La seule chose qui pourrait fonctionner, ce serait la domination absolue d'un pays sur les autres. La droite française est d'ailleurs retombée dans son rêve de soumission à l'Allemagne... sans voir que l'Allemagne est un pays vieux, fatigué, avec une population qui diminue, incapable de mettre au pas tout le continent malgré son industrie efficace et sa comptabilité en ordre. Non, la seule façon de sauver l'euro reste pour moi le protectionnisme européen, mais la majorité de la classe politique n'en veut pas. Il ne reste donc plus qu'à s'asseoir dans son fauteuil et contempler le désastre à venir, en commençant par le spectacle pitoyable de dirigeants s'agitant sur la crise de la dette publique. Je suis choqué par la façon dont on parle de cette dette, en suggérant que l'Etat français a distribué trop d'argent à des gens démunis qui ne le méritaient pas.

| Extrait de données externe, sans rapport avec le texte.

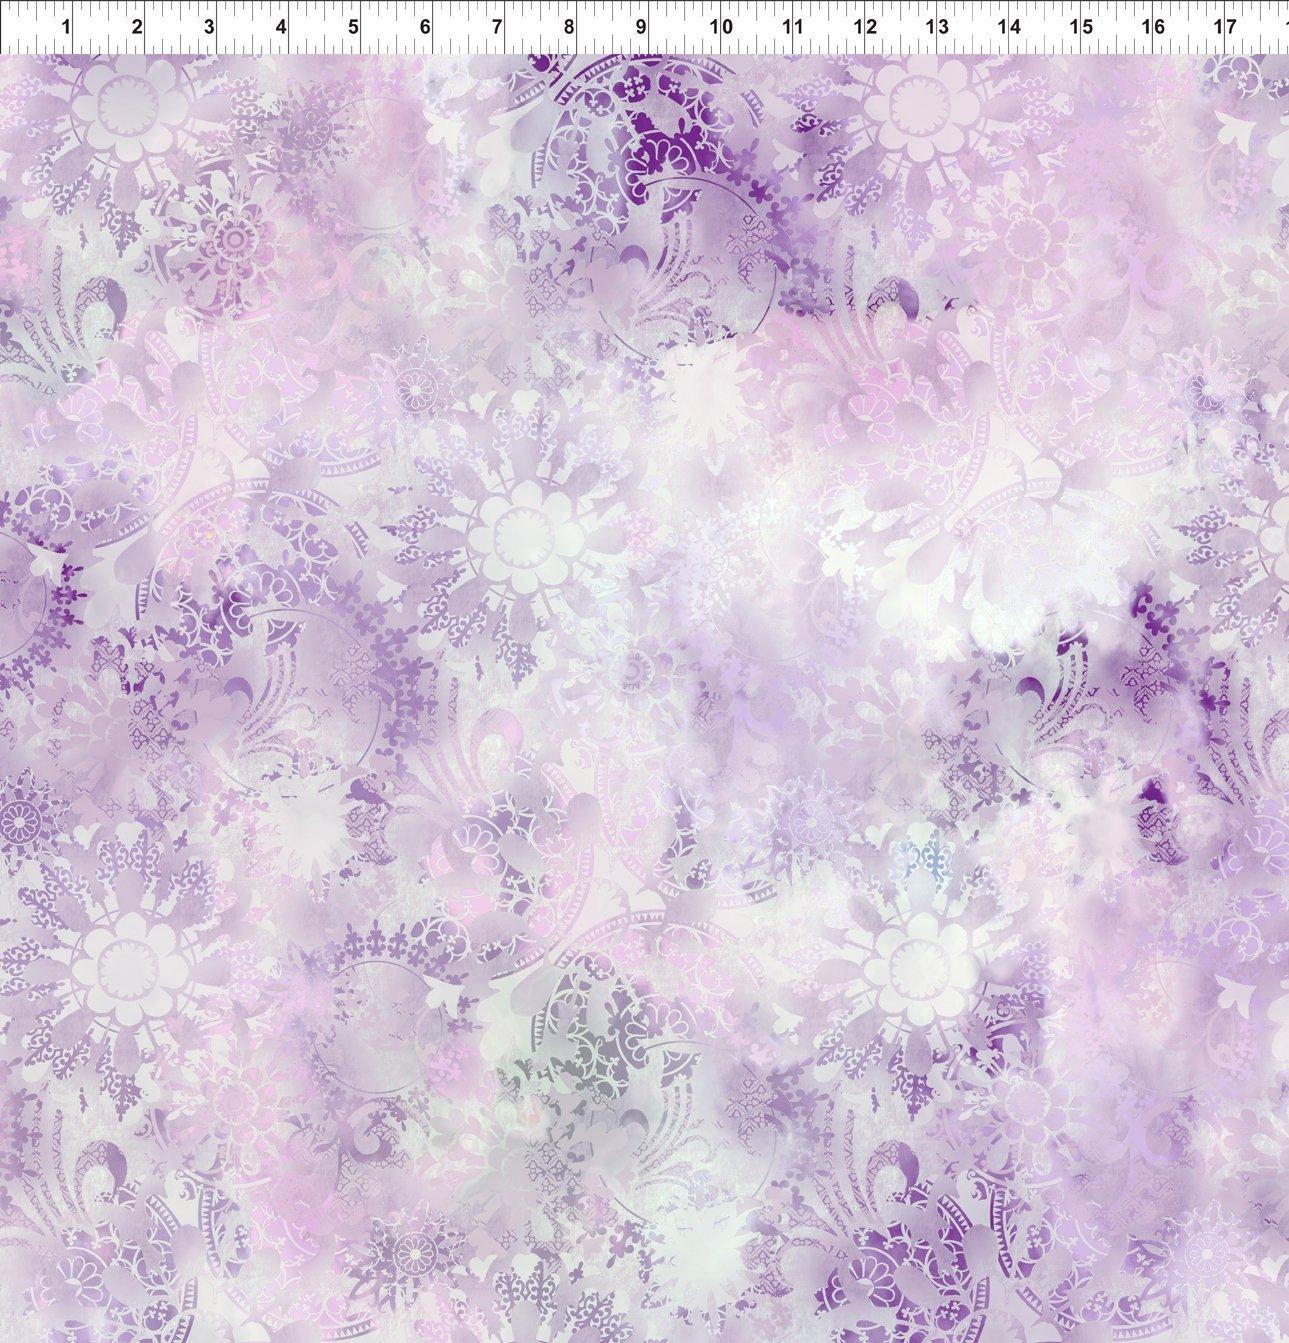 4ENC-3 Lilac Mystic Lace Diaphanous

L'achat de titres publics était - jusqu'à maintenant - un moyen très sûr de mettre son argent à l'abri, et ce sont les plus riches qui, aujourd'hui, détiennent l'essentiel de la dette. On comprend qu'ils aient peur d'un « défaut »... mais moi, franchement, il ne m'inquiète pas : j'en rêve. Je suis simplement partisan d'une nationalisation des banques, qui mettrait à l'abri les petits épargnants.
Vous êtes issu d'une « lignée » solidement ancrée à gauche (votre grand-père était Paul Nizan). Quelles relations l'intellectuel engagé que vous êtes entretient-il avec sa « famille » politique ?
Aujourd'hui, les rapports entre intellectuels et politiques sont marqués par l'indifférence mutuelle : ces derniers ne s'intéressent guère aux idées, ils lisent très peu. Ils ne sont même pas « post-idéologiques », ils sont « post-livresques », préfèrent la télé aux livres et ont les yeux rivés sur les sondages. Cela ne m'empêchera pas d'aller voter aux primaires - pour Arnaud Montebourg, parce qu'il a une attitude lucide sur le libre-échange et sur nos rapports avec l'Allemagne. La droite est devenue très inquiétante, par son autoritarisme, sa volonté de contrôler l'information, d'instrumentaliser la question de l'identité nationale... Donc, pas de fantaisie - je vais voter socialiste.